### DATA TO PROCESS
▬▬▬▬▬▬

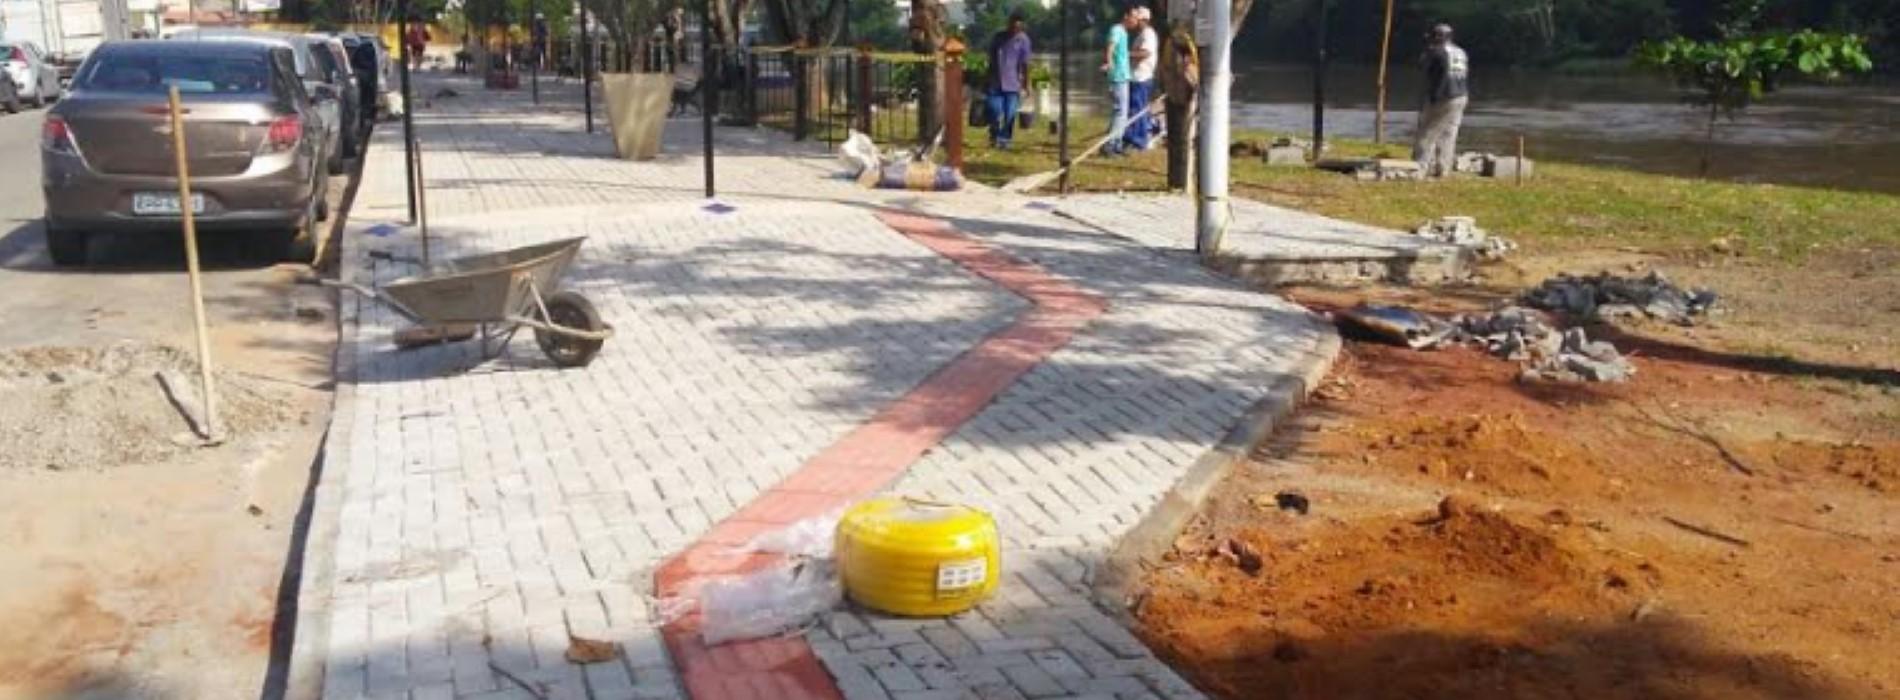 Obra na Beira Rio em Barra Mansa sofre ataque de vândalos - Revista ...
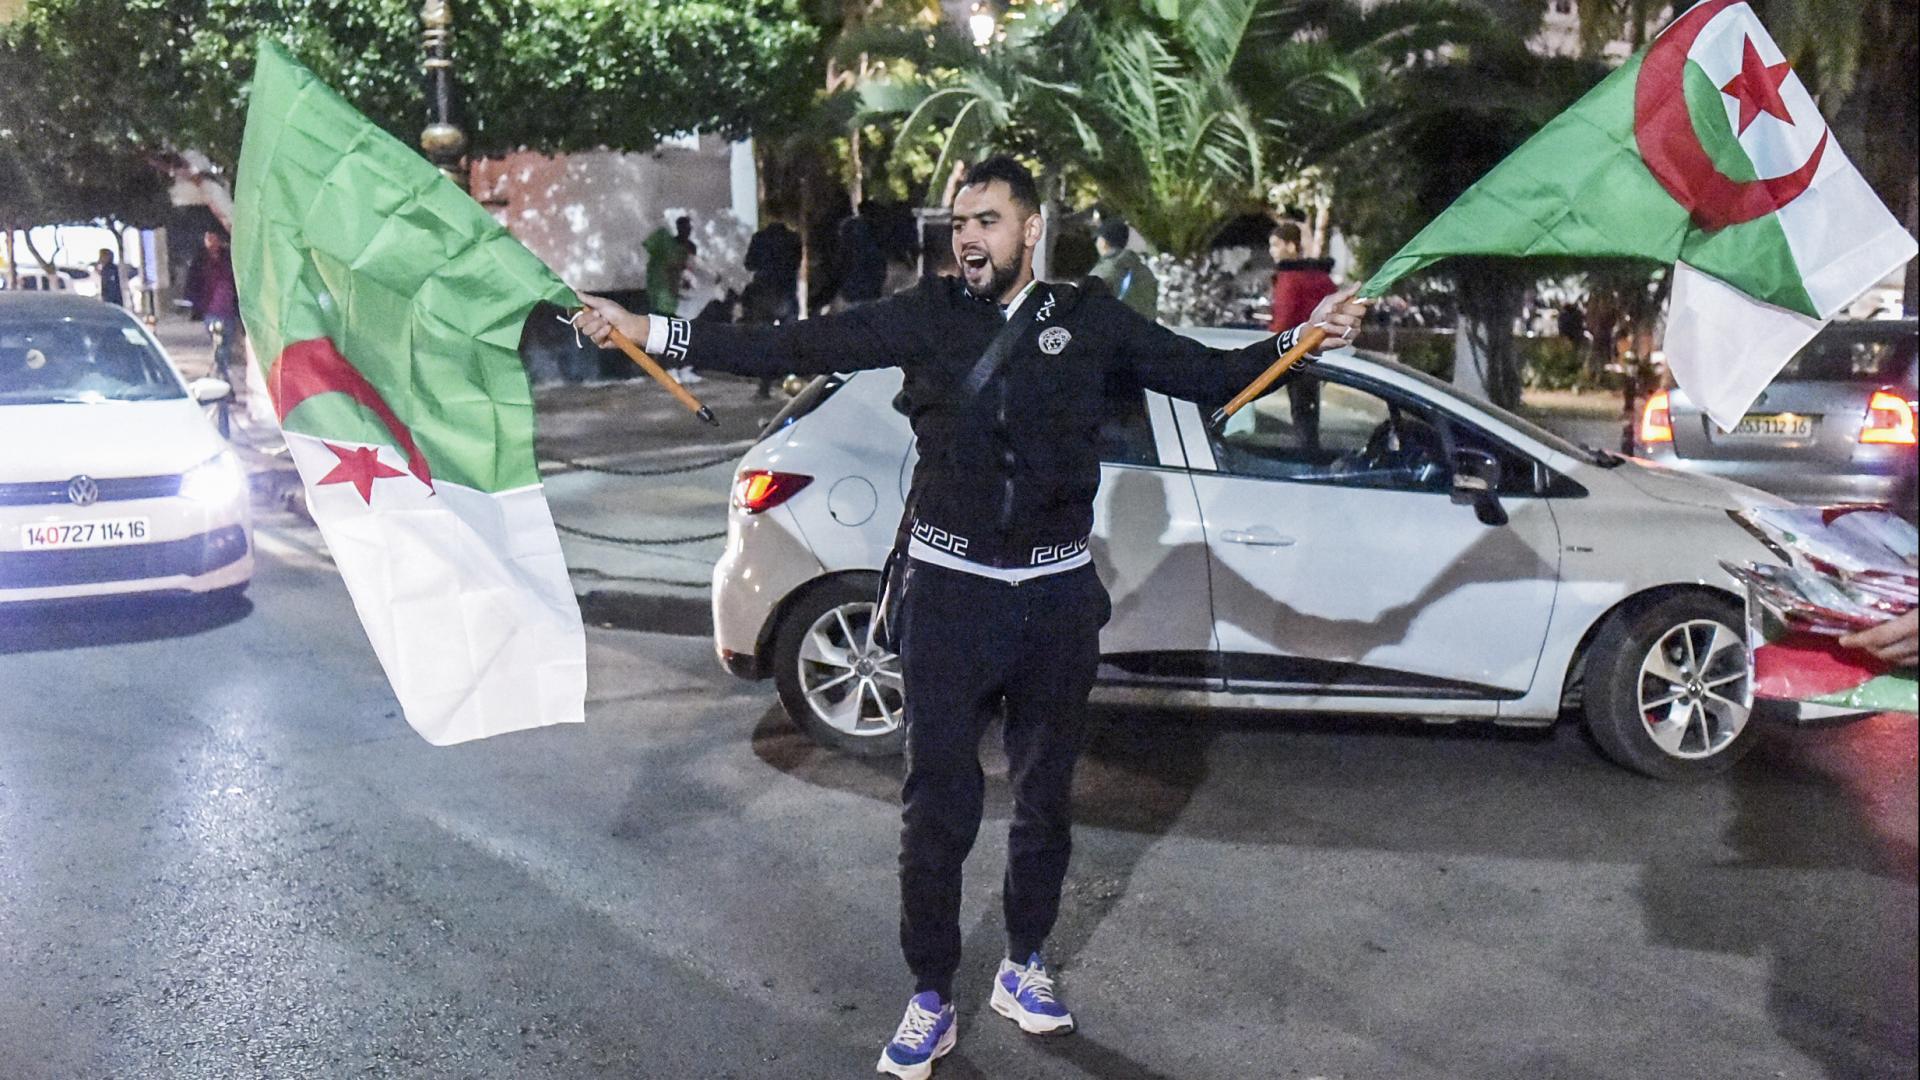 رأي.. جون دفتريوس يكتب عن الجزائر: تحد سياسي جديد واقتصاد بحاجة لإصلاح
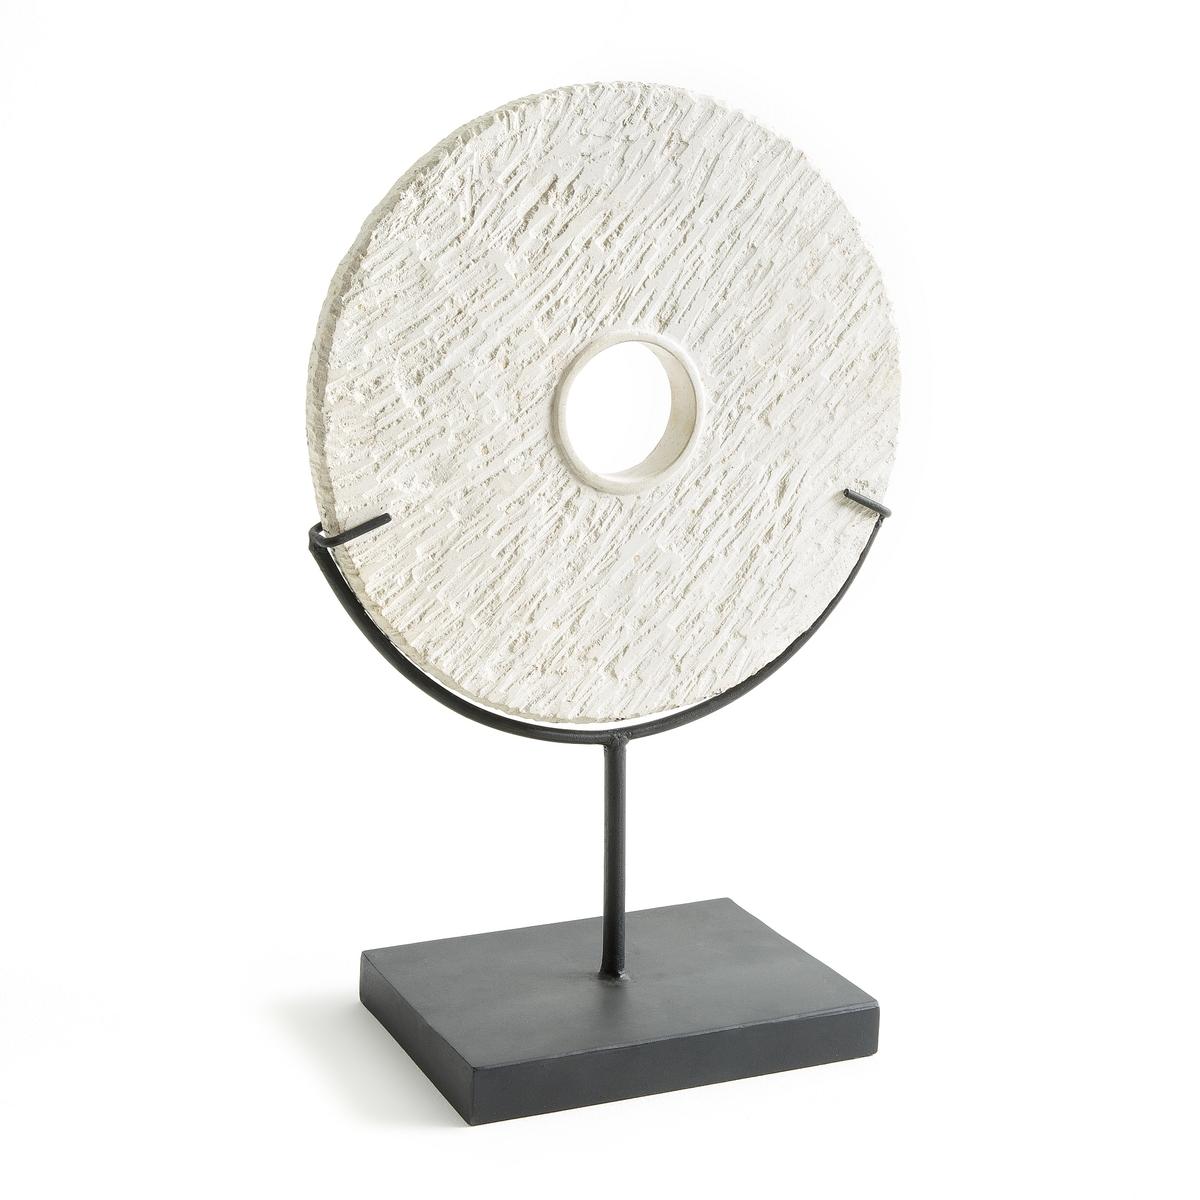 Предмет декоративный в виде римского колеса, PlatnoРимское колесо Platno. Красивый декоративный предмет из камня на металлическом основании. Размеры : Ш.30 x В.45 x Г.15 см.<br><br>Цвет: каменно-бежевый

▬▬▬▬▬▬

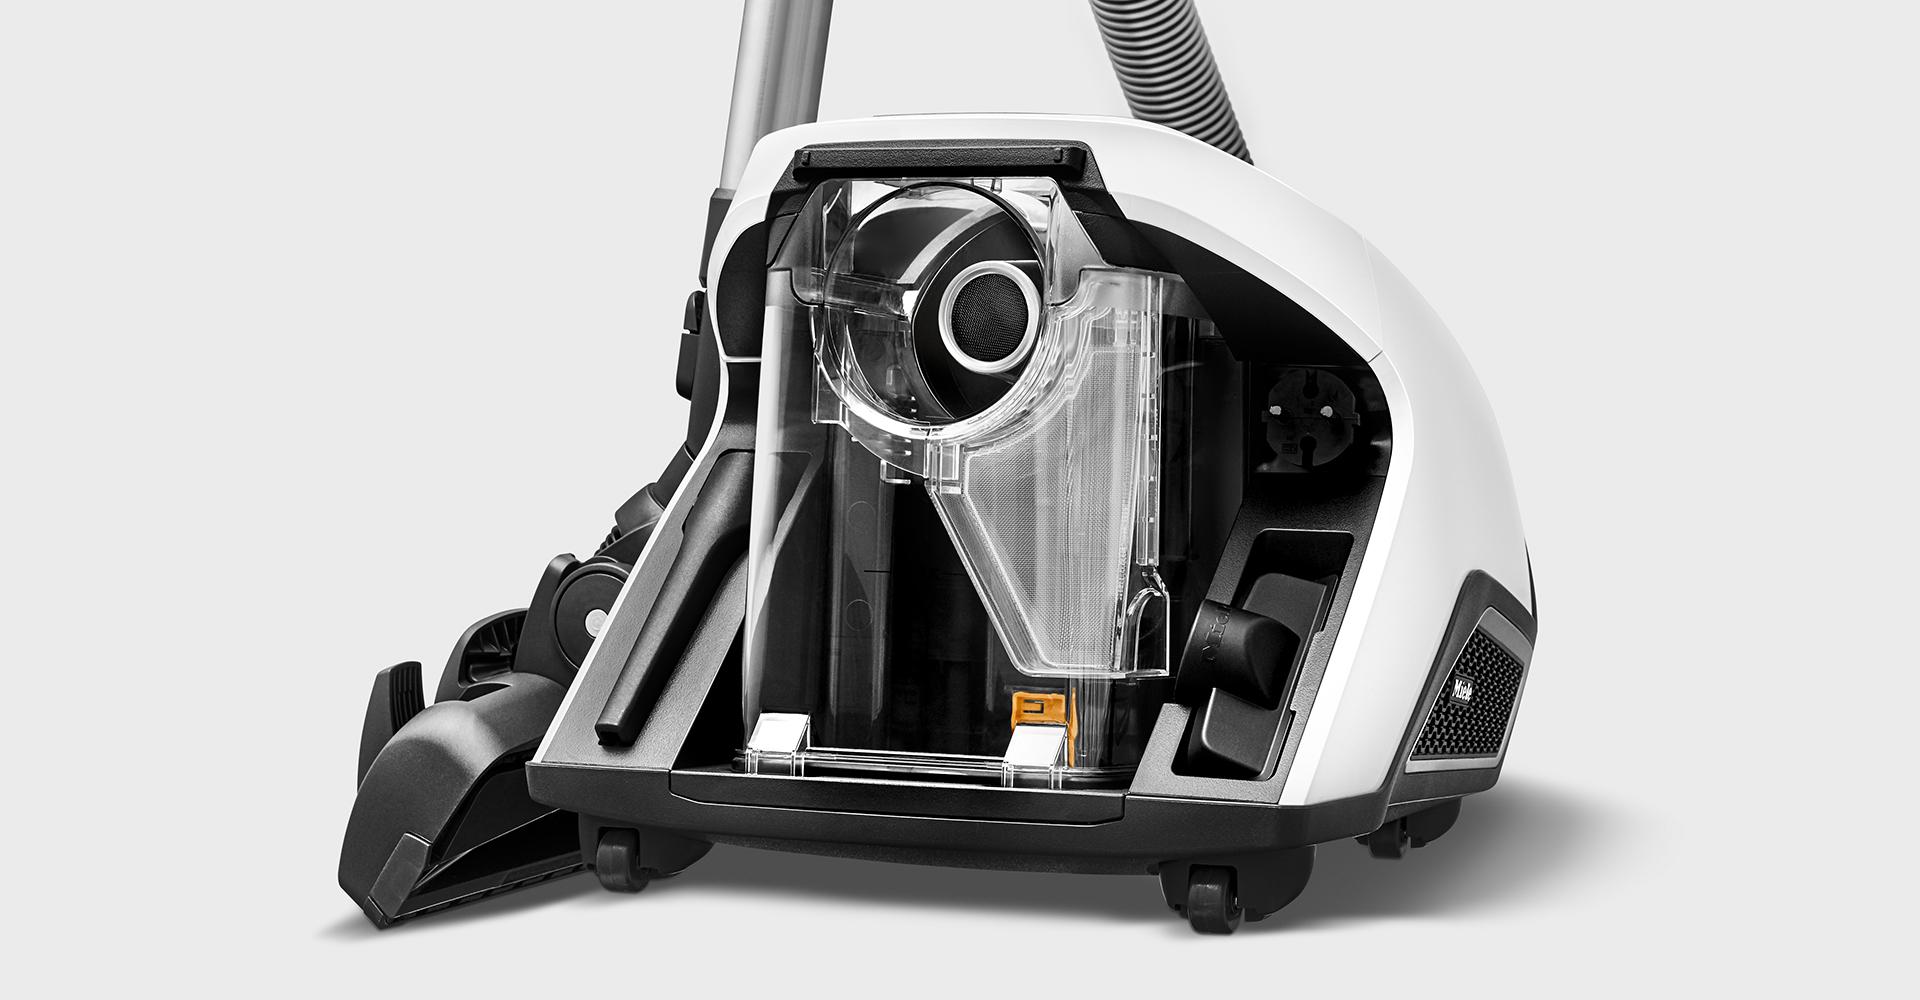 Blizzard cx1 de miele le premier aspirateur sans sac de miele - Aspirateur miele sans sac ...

▬▬▬▬▬▬

### TASK DIRECTIONS
Using the records above, return word for word the lines that begin at the one containing "Obra na Beira" and end at the one containing "Предмет декоративный в", both of them included and no pictures.

### OUTPUT FOR THIS EXERCISE
 Obra na Beira Rio em Barra Mansa sofre ataque de vândalos - Revista ...
 رأي.. جون دفتريوس يكتب عن الجزائر: تحد سياسي جديد واقتصاد بحاجة لإصلاح
 Предмет декоративный в виде римского колеса, PlatnoРимское колесо Platno. Красивый декоративный предмет из камня на металлическом основании. Размеры : Ш.30 x В.45 x Г.15 см.<br><br>Цвет: каменно-бежевый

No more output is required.